The post you're referring to doesn't make lookup any faster; it makes most dicts smaller, and it makes iteration faster, but it has no effect on lookup. Also, notice that it explicitly says it has no effect on the existing optimization for lookup in string-only dicts. So, if you're hoping that it could somehow make string-only dicts faster, you need to read it again.
> > But, if it is, hashing the strings to put them into an interned string table, and then hashing those interned pointers to put into the mini-dict, isn't going to be faster.
>
> Why not? If an InternedDict is passing args to a newly-created IDict, the hashing could be a single instruction: modulo by 63 (or something). (And then maybe multiple instructions to crawl through a linked list.) And knowing you don't HAVE to call a str.hash is surely better than calling even a cached str.hash, no?

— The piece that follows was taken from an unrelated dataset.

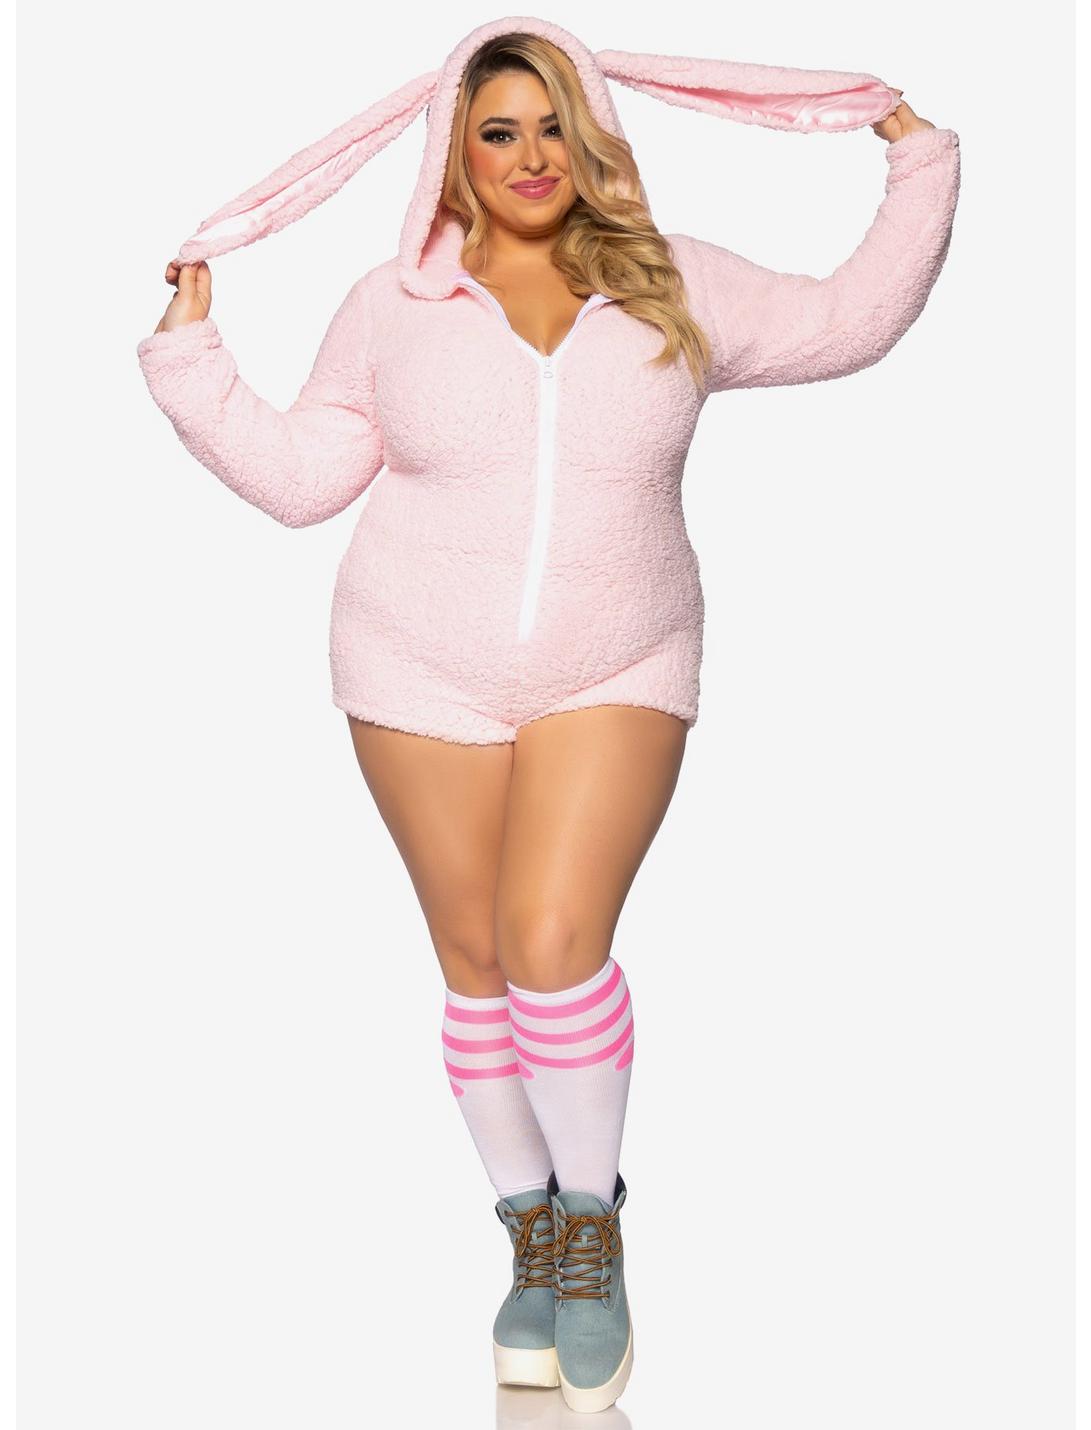 Cuddle Bunny Plus Size Costume, PINK, hi-res

But you have to hash the keywords in the first place, or do something equivalent, to intern them.
Unless you intend to intern another copy of the same strings on every function call?
Also, you have to keep in mind that, on top of any lookups the function body does, the function call machinery also has to effectively look up every parameter and (to catch duplicate-keyword errors) every keyword argument in the unpacked mapping. If those lookups weren't fast enough, then your change doesn't help. If they were, then your change is probably unnecessary.
> Point is, again, I don't know that it won't be faster. You seem to know that it won't be faster, but I don't see you saying that there CAN'T be such cleverness when kwargs are nice and forwarded nicely, even with deletions or additions allowed.
Again, kwargs parameters aren't forwarded from anything, they're built from the unmatched keyword arguments, both normal and unpacked. And unpacking arguments aren't forwarded to anything, they're unpacked into keyword arguments, some of which may be gathered into a kwargs parameter.
If you're only trying to optimize the case of forwarding for delegation, then your idea makes more sense, but I don't think that's the case anyone is looking to optimize.